James Blake singles chronology
| "If the Car Beside You Moves Ahead" (2018) | "Don't Miss It" (2018) | "Mile High" (2019) |

= Don't Miss It =

2018 song by James Blake

"Don't Miss It" is a song by English electronic music producer and singer-songwriter James Blake from his fourth album, Assume Form. It was written by Blake and produced alongside Dominic Maker of electronic music duo Mount Kimbie and Dan Foat. A lyric video was released on 24 May 2018, having been premiered that day on an episode of his BBC Radio 1 residency. However, it was only released as single by Polydor Records on 4 June of that year. It is a piano ballad with additional drums accompanied by Blake's auto-tuned vocals.

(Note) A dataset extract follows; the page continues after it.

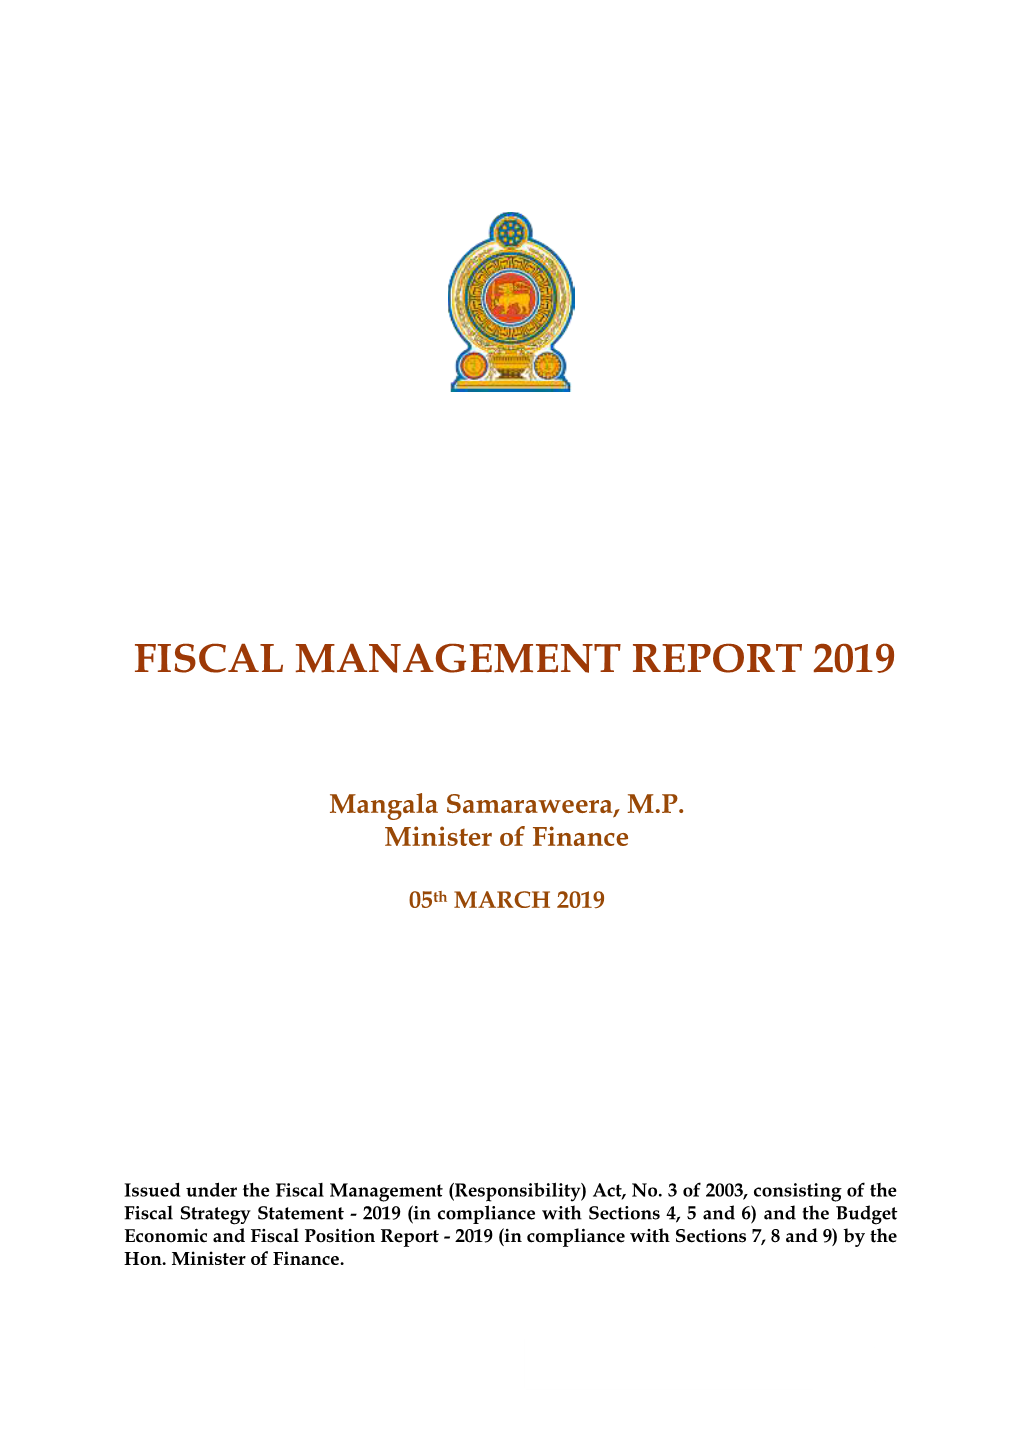 Fiscal Management Report 2019

The song received acclaim from music critics, however, a mixed review by Pitchfork, which labelled the track as "sad boy music" was met with a critical response from Blake, who deemed the expression "unhealthy and problematic when used to describe men just openly talking about their feelings."

== Composition ==
"Don't Miss It" is a piano ballad composed in the key of E major with a tempo of 70 beats per minute while Blake's vocals span a range of G#_{3} to F#_{5}. The song is centered around a piano part and places a focus on Blake's auto-tuned and glitching vocals. Programmed and live drums, tape hiss and operatic samples are added and removed throughout the track. Lyrically, the song is about how tempting it is to disappear. Olivia Ovenden of Esquire noted that the track was similar to Blake's song "Retrograde" and deemed the song's lyrics "particularly angsty even for Blake".

== Critical reception ==
"Don't Miss It" received acclaim from music critics. Cerys Kenneally of The Line Of Best Fit wrote that the song "continues to encapsulate his raw talent" and added that "Blake has undoubtedly exceeded himself in terms of finding his signature sound." Variance's Tyler Schmitt called the song "stunning", writing "if you're in need of a good playlist, we've got you covered. It's just James Blake's new song on repeat." Philip Cosores, writing for Uproxx, featured the song on his "Best New Indie Music From This Week" list, writing "the tracks [sic] is another example of Blake turning his emotional vulnerability into a fine piece of art." Hypebeasts Davis Huynh featured the track on his "Best New Tracks" list, writing "it does appear that James Blake is getting back into the groove of releasing new tracks – which is always a good thing." Vulture placed the song on their "6 Best New Songs of the Week" list, calling the song "the saddest computer music that could possibly exist" and described the track as "initially unsettling, but then it all crystallizes." Complex named it one of the best songs of the month of May, calling it "a gorgeous, haunting song." Harriet Gibsone of The Guardian deemed the track one of the best of 2018.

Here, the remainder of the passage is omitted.